Heather Dugan, author and founder of Cabernet Coaches, advises “future-proofing” your social connectivity against the slow fade of relationships tied to a specific space or time and the subsequent isolation that can accompany even ordinary life transitions by constantly building out your friend foundation. No matter the time in life, be willing to go first with “hellos” and offers of help to new neighbors, Dugan says.

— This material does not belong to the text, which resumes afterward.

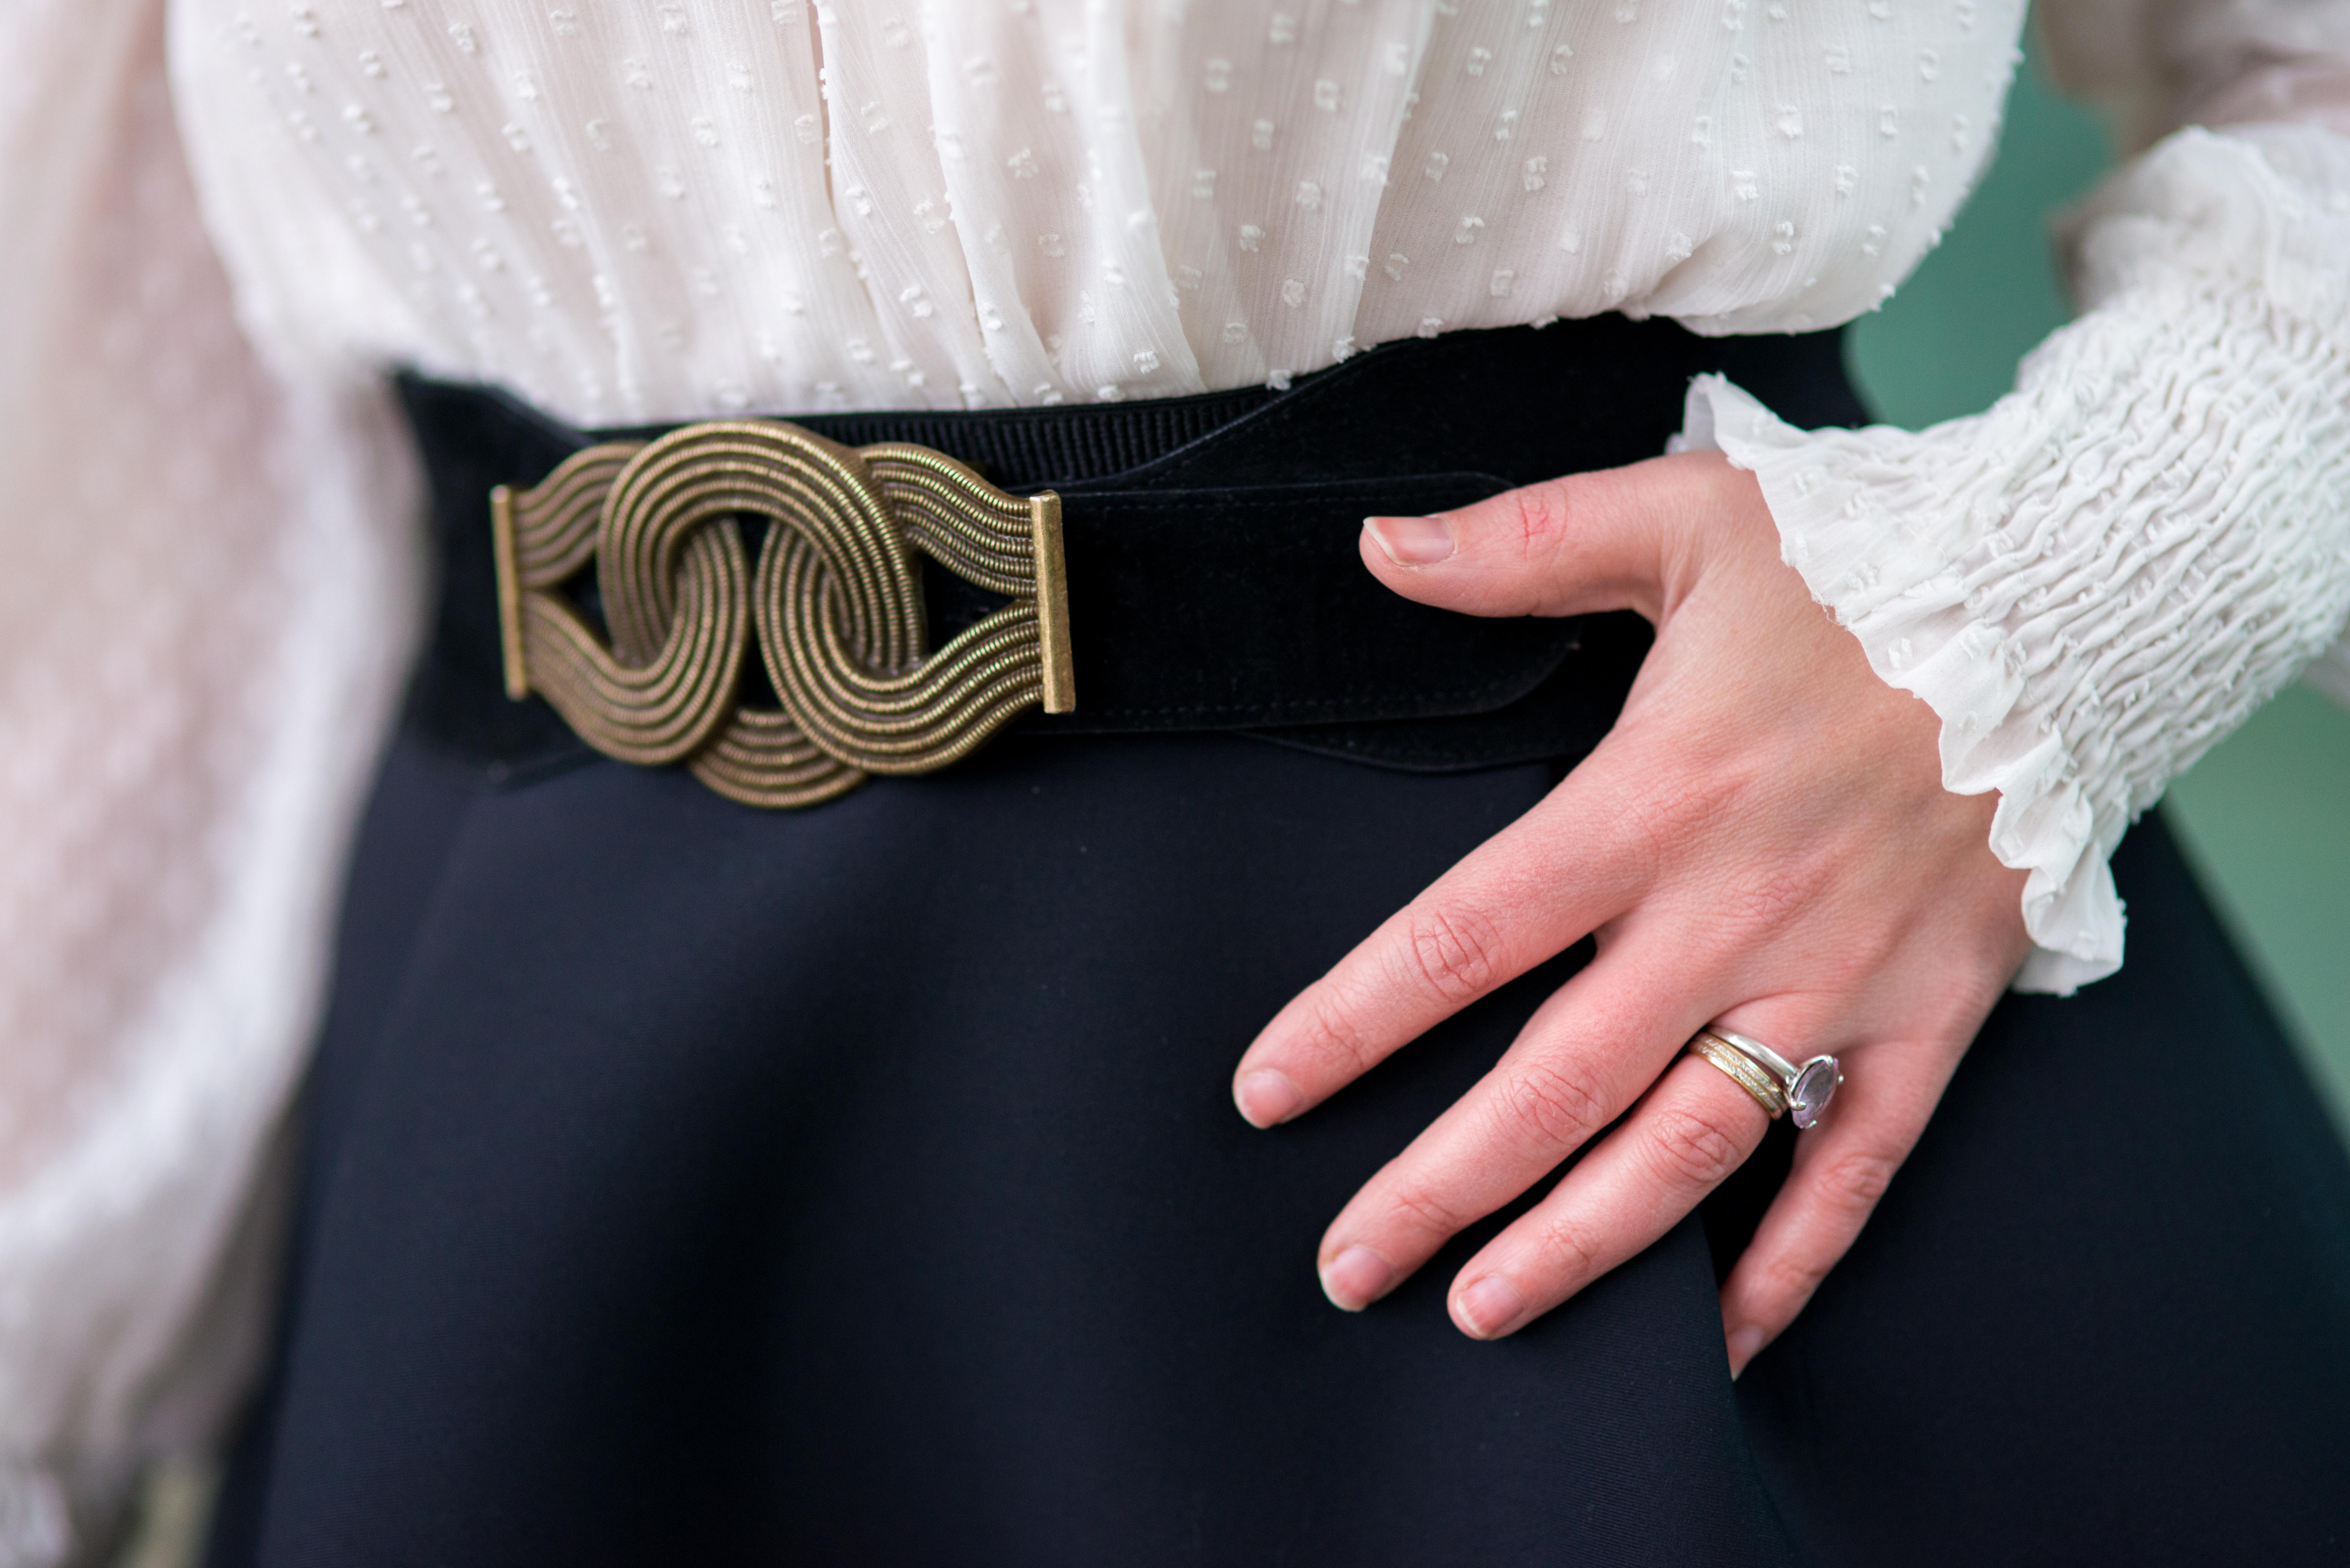 style-sophistique-modele-grandearche-ladefense-paris-fashionblogger-influencer-blouse-zara-seralynepointcom-ump_6773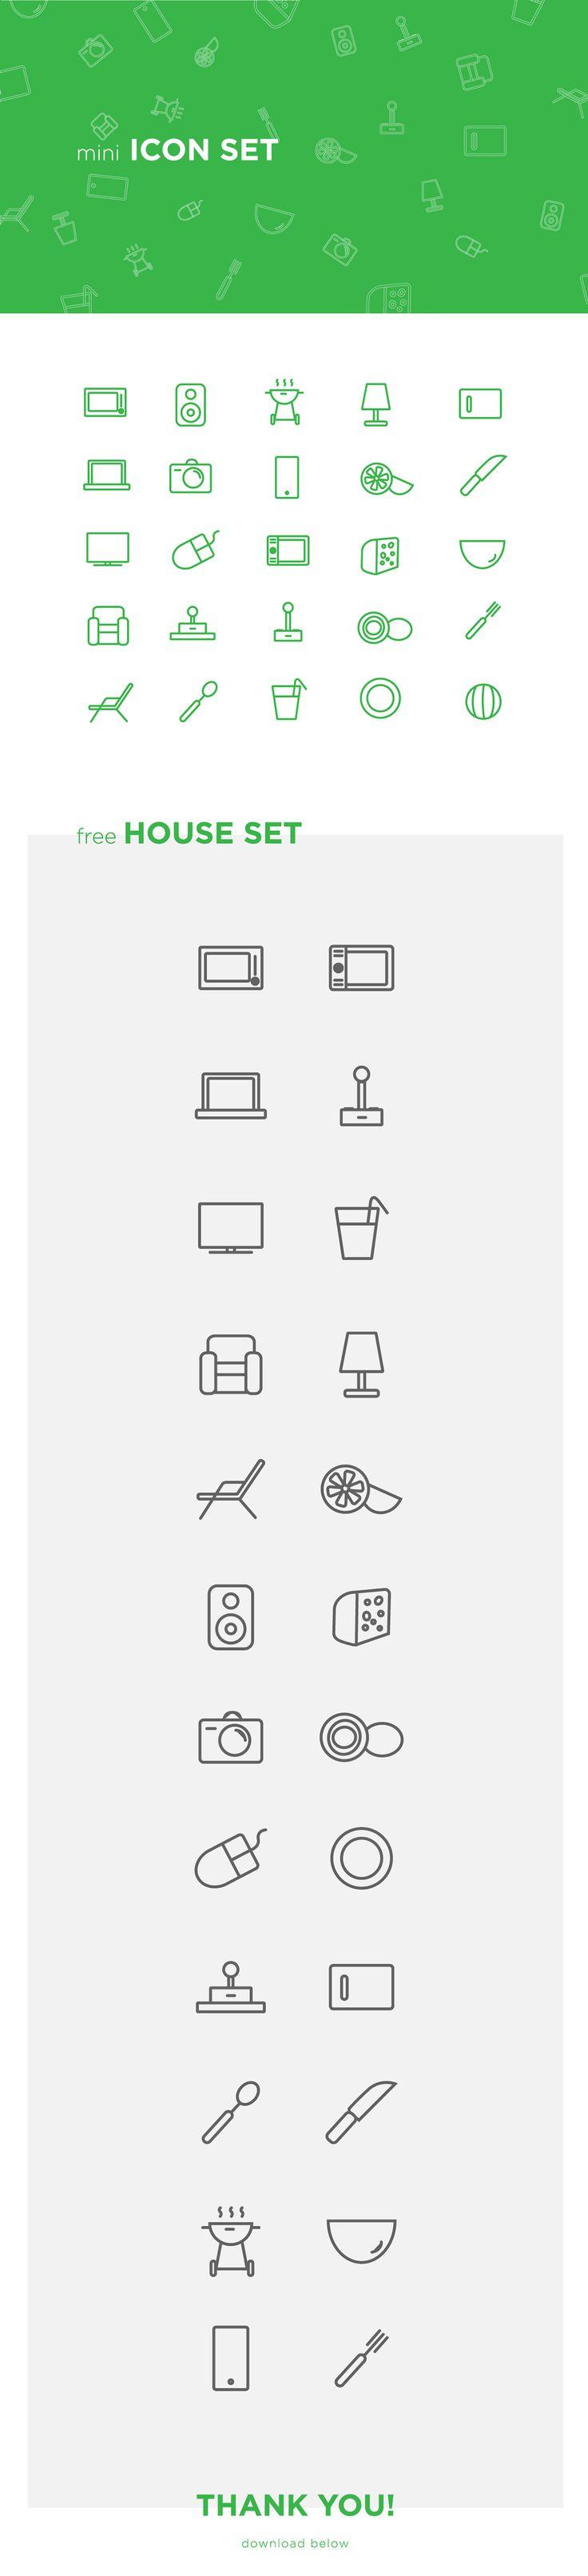 Web design inspiration UI/UX user experience fashion concept Icons mini House Icon Set (free) on Behance

Friends-of-convenience complement old friends

“We see ourselves best through the eyes of our close friends, but friends-of-convenience (or ‘proximate friends’) are also essential to our overall connection; they provide company and fresh perspective in the daily spaces our deeper friendships can’t go, adding texture and emotional value to our experiences at work, in our neighborhoods, and at our kids’ schools,” says Dugan, author of The Friendship Upgrade: Trade Clickable Connections for Friendships that Matter

Levine points out that while technology has enabled us to make friends across oceans, having friends who are convenient, geographically accessible and organically part of our lives can both jump-start and support meaningful friendships.

What to remember when a friend-of-convenience disappears

Though logically you may understand why a friendship faded, it can leave you reeling with feelings of guilt or rejection.

Rutherford says it’s natural that one of you could’ve believed the relationship would be something more lasting — and not dependent on context. Emotionally, this can be difficult to work through, she concedes. 

What can help? “[T]urn that hurt into a recognition of the purpose the friendship served in your life,” says Rutherford. She encourages self-examination — asking yourself questions such as what you learned that you needed to learn and what experience was helpful. “Growth isn’t always pleasant. But it can bring wisdom,” she says.